元三岛神社的祭典是在每年五月的第二个星期天。氏子有十个町,根岸有上、中、下三区,此外还加入日暮里。我家负责的只有中根岸,祭典开始一周左右,就要开始张挂提灯和注连绳,并且设置神酒所。
祭典时的装饰是轩花,就是在町内每一户的屋檐吊上提灯或插上轩花。轩花是用一种小型角木──只要想像屋顶用的椽木即可──裁成切口一寸x八分,长度一尺二寸,两木条中间削薄钉成十字型,作为补强。中心点再钉上笛竹,竹子末端插上人造轩花──现在都是在小花中间扎一朵大牡丹花。朝水平方向张开的角木末端则是垂挂着提灯。提灯中央写着御祭礼三字,两侧是八角框里有个“三”字,这是元三岛神社的标帜。
这些轩花会钉在家家户户的屋檐下。大约是一家一枝。店面较宽的商家则是两到三枝。这样的商家大约有三十家吧。中根岸约有一千两百户,插轩花的有两百家。像百货公司或大楼的居民,还有对祭典敬谢不敏的民宅、神轿通不过的狭窄小巷,以及创价学会的人都不插。

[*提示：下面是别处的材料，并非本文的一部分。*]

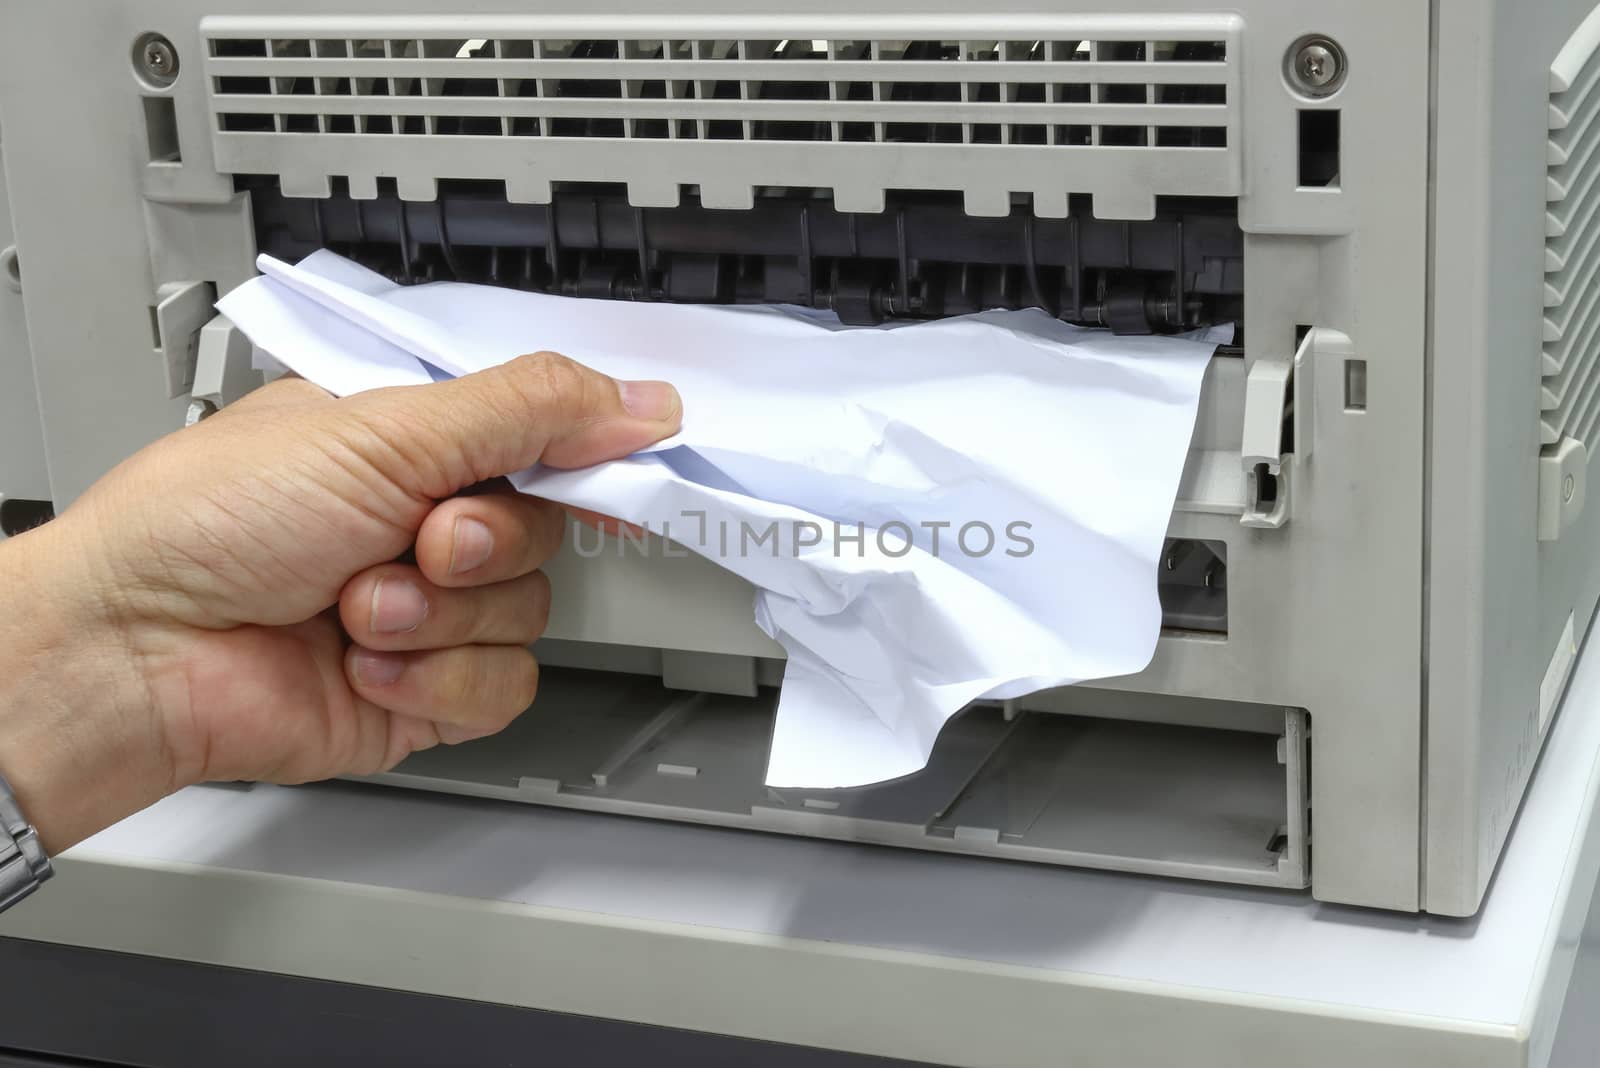 Technicians Removing Paper Stuck, Paper Jam In Printer At Office

轩花做完之后,就要设立装饰神轿的神酒所,或待命室的预备处。神酒所以前都要设三、四个,现在只设一个,然后设三个预备处。这些工作结束之后,再请出神轿和山车,加以装饰。到了祭典当天,我的工作就是在神轿最前面打头阵。负责与警察沟通,安排让神轿在约定时间内通过,遵守先前决定的行进路线等。到神轿休息的时候,则去负责上传下达的指示。等祭典结束,还要负责整理。
在这元三岛神社的氏子当中,有相当多老板都很喜欢祭典,说是每年若没插上提灯和轩花,就没有祭典的气氛。不过会这么做的,在氏子的十个町当中也只有根岸。町内有大小神轿各一乘,但元三岛神社的神轿在战争中烧毁,已经没有了。三社神(浅草神社)和小野照神(入谷小野照崎神社)、鸟越神(鸟越神社)在其本社都有神轿。可能是代替根岸受灾吧,元三岛神的神轿全都烧得一乘不剩。据说本社没有神轿会挫低气势,所以有人提议应将其复兴,机运才会提高,但是现在这个时机点并不妥当。因此每三年会有一次,集合十个町氏子的十二、三乘神轿联合游行。
之前已经举行了两、三次了。由于根岸有花柳巷营生,也有艺妓,所以就在祭典时表演手古舞。在游行的前端跳手古舞特别热闹。不过要跳手古舞,就得先教众艺妓唱木遣调。木遣调自然由我爸和我去教她们。
去年轮到中根岸主事,可是这年代艺妓少了很多,只好从各町各召募两名年轻女孩来,然后教这些生手唱木遣调。从十号开始两星期之间,每天晚上用录影带教学。木遣调这种歌并没有那么困难,可是这些女孩可能是没什么意愿学吧。不过好歹到了当天,我们跟在她们身边领唱总算过关了。
木遣这种玩意儿,本来就没什么趣味吧,还不如去唱卡拉OK来得好玩。但是我们是做生意的嘛,去参加祭典,众头领都会汇聚一堂,抬着轿子出宫,或是神轿回宫等都要唱木遣。若是这时候不会唱那可就丢脸了。另外像是建屋上梁的时候,一定会有伙计说:“头领,唱个木遣调吧。”若是这时候不会唱,那可说不过去。
我老爸就是木遣调的老师,但是我没向我爸学过。因为就算我爸教我,我也学不好。工作归工作,我会请他教我。像木遣这种东西,还是跟别人学,比较记得住。大概是二十年前左右吧。我刚进组织的时候,就拜在浅草一位名叫三星的师傅门下,学了十年直到他过世为止。我记得那时候一个月大约有半个月都在浅草学练唱。
根岸和浅草那些地方不同,并没有观光的元素,但我觉得这样反而办祭典的意念比浅草等地还要强。以根岸来说,办祭典的时候从没想到要去吆喝人们来参加。地方上的人很多都喜爱祭典,所以大家心里暗下决定:“既然要办,就要办得风风光光的。”而且没有外人参加,町里的人正好可以玩得更尽兴。说悠哉好像有点怪,不过真的有种轻松舒服的感觉。一旦到了祭典,平时不常露面的人也都出来了。
从行之松越过十字路口,就是日暮里了,但它和根岸在氛围上略有不同。由于日暮里的町会也认为没有张灯结彩就不像个样,所以也有顾客就说那就做吧,去找头领帮忙,然后委托我们制作。但是日暮里不是我家的区域,而且那区也有他们的头领,所以我都会请他们先去找他们的头领,若是他们不做,我们才接下这档生意。